SOUCE: Boston 2008 has just ended and it was great. Source is a little hard to categorize; it was part executive-level symposium, part hacker con, with a few other things tossed in for good measure.

I was only able to attend on Wednesday, but I kept up on things from my desk on Thursday and Friday by following a very active Twitter stream from the event.

Wednesday kicked off with introductions followed by a short talk by Tito Jackson*, the IT Director for the Mass Office of Business Development. Jackson's talk was very upbeat about the state of technology in Massachusetts (as you would expect), but some of the numbers really are impressive given the current economic situation. Jackson was followed by a keynote from Richard Clarke. Clarke is a very good speaker and started (after the obligatory Elliot Spitzer joke) with a recap of the history and current state of cybersecurity in the United States and recent events which have refocused attention on cybersecurity. Unfortunately Clarke started wandering away from his real areas of expertise and eventually jumped the shark and ventured into bogus generalizations and speculation. His strong statements on privacy violations could have brought him back from the brink, but by the time he suggested ideas like laws regulating secure code and requiring ISPs to clean up the Internet for us he had lost a large part of the audience and it was just residual respect and decorum which kept him from being heckled.

After the keynote the three tracks split up and the choices became difficult (always a good sign at a con). The tracks were loosely defined as "Business and Security, "Application Security", "Security and Technology" and not being a coder I wasn't tempted by much in the Application track- but I later heard there were some excellent ones, such as Andrew Jaquith's Anti_virus preso. I chose to hear Mike Rothman's "How Compliance Can Get You Killed"- but really wanted to see Roger Dingledine's "Making TOR Play Nice with the Internet" talk, too. I'll have to wait for the videos to see Roger's, but Mike was as entertaining and informative as always.

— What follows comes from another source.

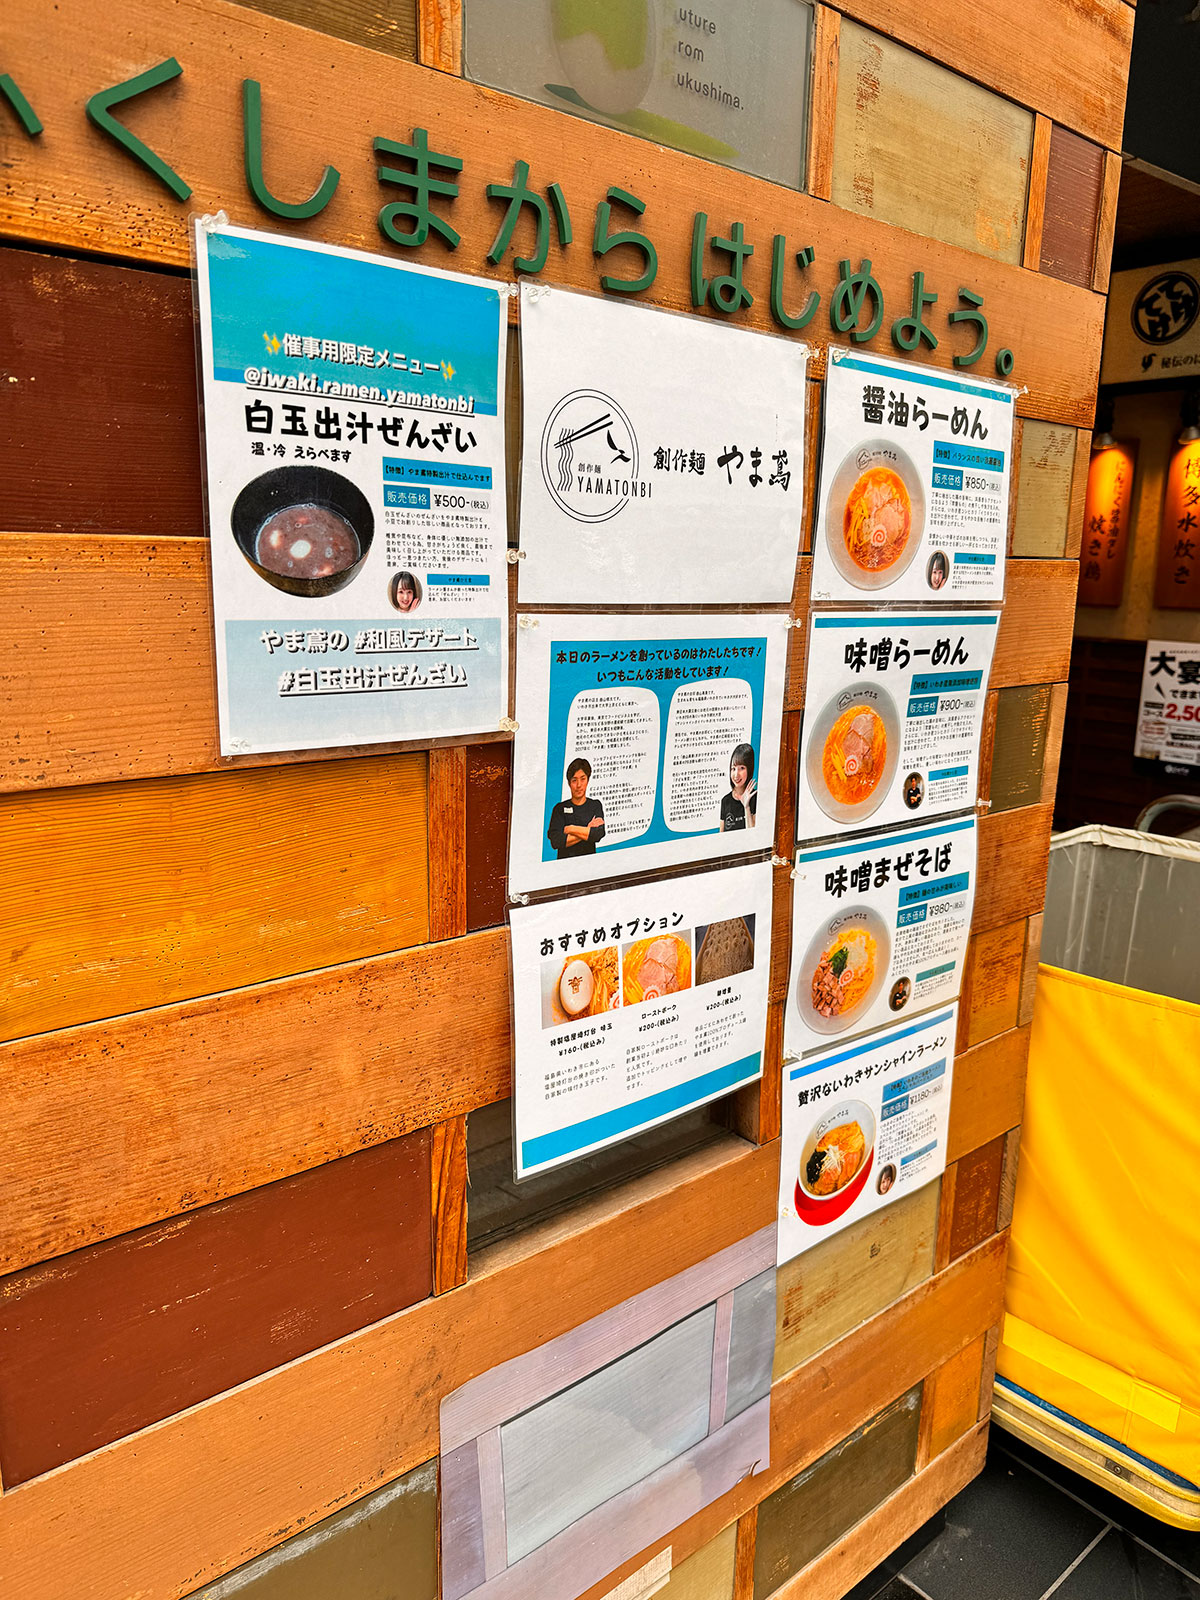 日本橋ふくしま館 MIDETTE入口前の柱に掲示された、創作麺 やま鳶によるイートインのメニュー紹介。
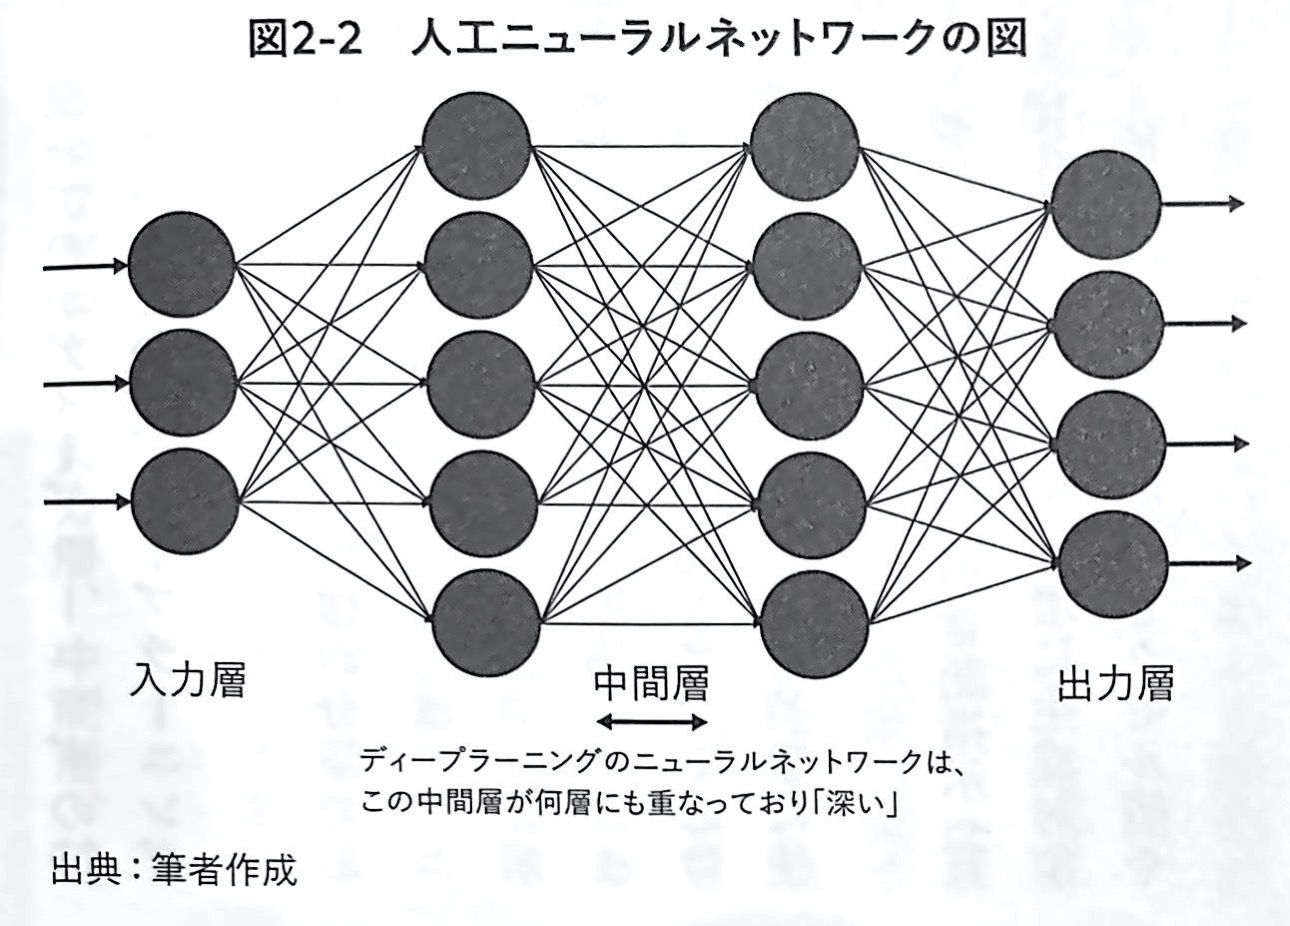 図2−2 人工ニューラルネットワークの図 生成AIで世界はこう変わる 第2章

The next tough choice for me was between Michael Rash's "Advanced Linux Firewalls" and "Disruptive Innovation and the Future of Security" by Rich Mogull and Christofer Hoff. I couldn't pass up the dynamic duo and they didn't disappoint. It was their first pass at what is an evolving presentation- it was good and will improve with a little polish. They tried to cover more Disruptive Technology topics than would fit in the time allotted and that limited the depth of the presentation, but even in "rough cut" form it was a refreshing change from most of the mundane "Business of Security' kind of talks.

The tough choice for the end of the day was between Andrew Jaquith's "Anti-Virus, not dead but twitching..." and James Atkinson's “Telephone Defenses Against the Dark Arts”. I opted for the phone security session and spent the next two plus hours in the ultra-nerdly and technical preso. It was great- see my guest blog post about it on the SOURCEBoston blog.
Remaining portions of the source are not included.